Tüm bu nedenlerle ilk derece mahkemesinin davanın reddi yönündeki kararında herhangi bir isabetsizlik görülmediğinden taraf vekillerinin istinaf başvurusunun ayrı ayrı esastan reddine karar vermek gerekmiş ve takdiren aşağıdaki şekilde hüküm kurulmuştur.

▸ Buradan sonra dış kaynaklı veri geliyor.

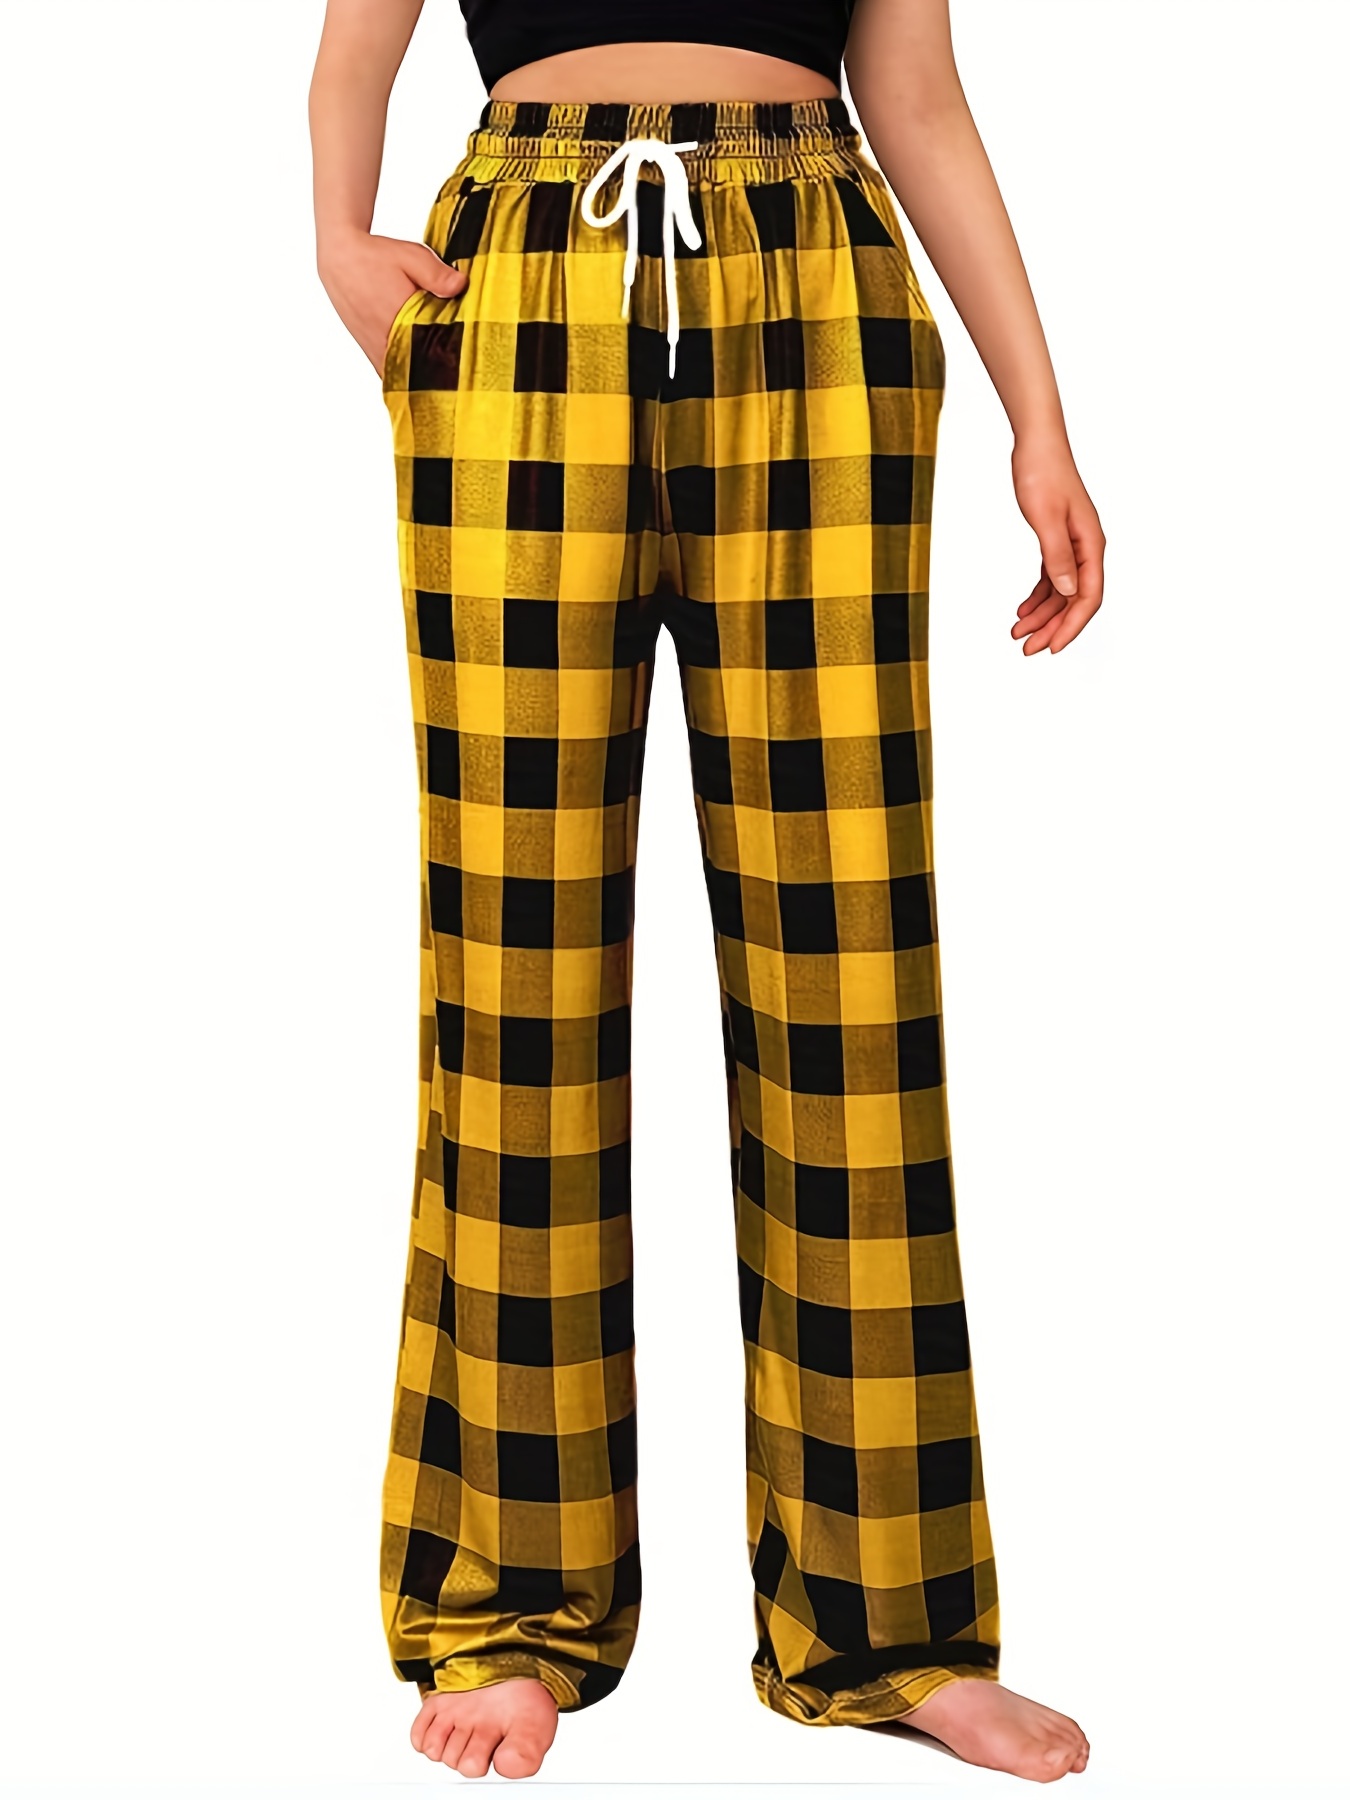 Orange & White Striped Lounge Pants Pajamas / Women's Casual Loungewear -   Canada
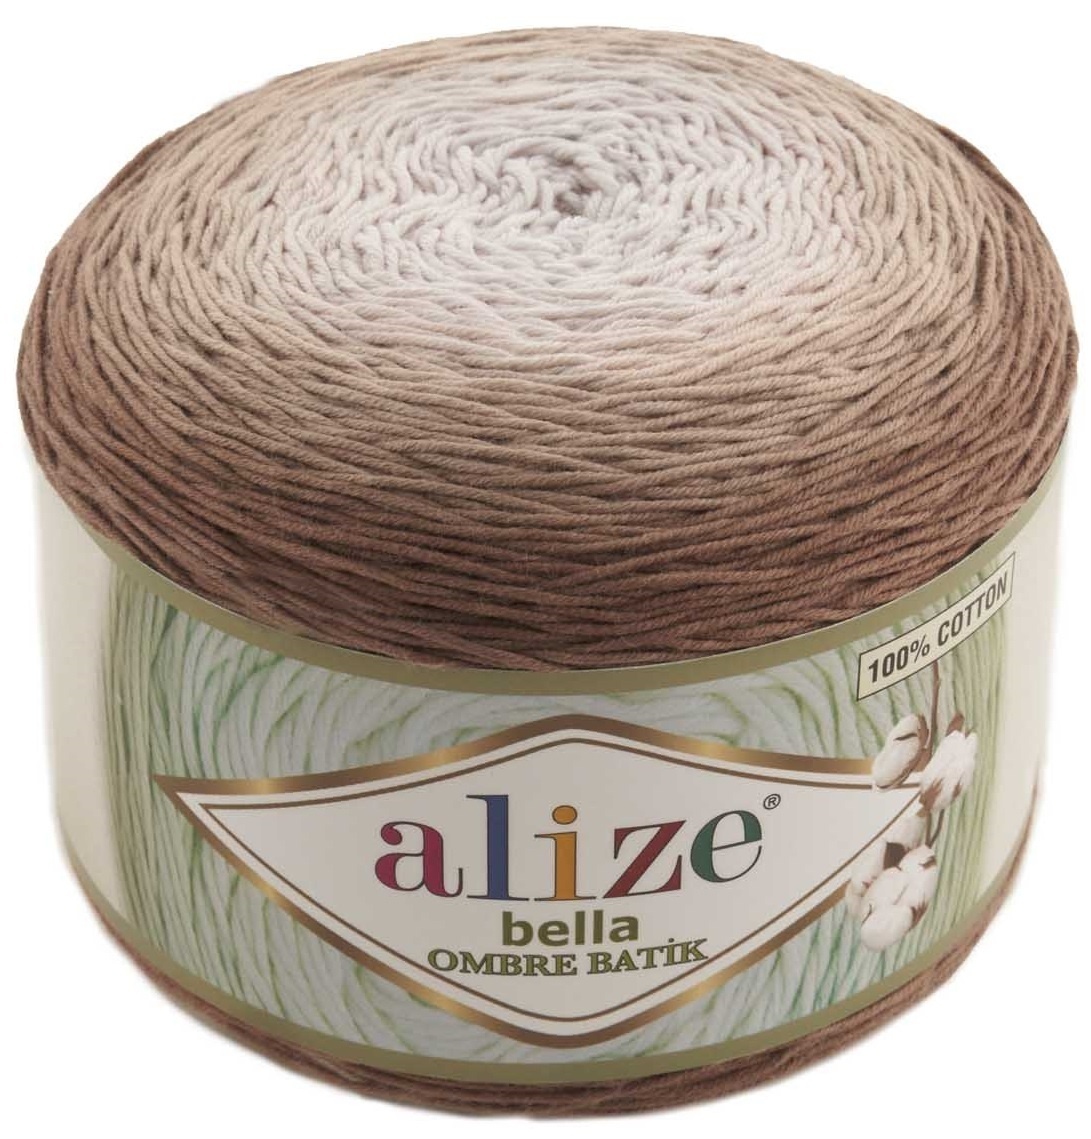 Alize Bella Ombre Batik 100% cotton, 2 Skein Value Pack, 500g фото 9

HÜKÜM: Yukarıda açıklanan nedenlerle;
1-Taraf vekillerinin istinaf başvurusunun HMK’nın 353/(1)-b.1 maddesi gereğince AYRI AYRI ESASTAN REDDİNE,
2-Davacıdan alınması gerekli olan 179,90 TL istinaf karar harcından peşin alınan 54,40 TL harçtan mahsubu ile bakiye 125,50 TL harç davacıdan tahsili ile hazineye irat kaydına,
3-Davalıdan alınması gerekli olan 179,90 TL istinaf karar harcıdan peşin alınan 54,40 TL harçtan mahsubu ile bakiye 125,50 TL harç davalıdan tahsili ile hazineye irat kaydına,
4-Taraflarca istinaf aşamasında yapılan yargılama giderlerinin üzerlerinde bırakılmasına,
5-İstinaf incelemesi sırasında duruşma açılmadığından taraflar yararına vekalet ücreti taktirine yer olmadığına,
Dosya üzerinde yapılan inceleme sonucunda HMK’nın 361. maddesi uyarınca gerekçeli kararın tebliğinden itibaren iki haftalık süre içerisinde Yargıtay’da temyiz kanun yolu açık olmak üzere oy birliği ile karar verildi. 16/02/2023

Başkan – Üye – Üye – Zabıt Katibi –

Bu belge 5070 sayılı Elektronik İmza Kanunu hükümlerine göre UYAP sistemi üzerinden elektronik imza ile imzalanmıştır.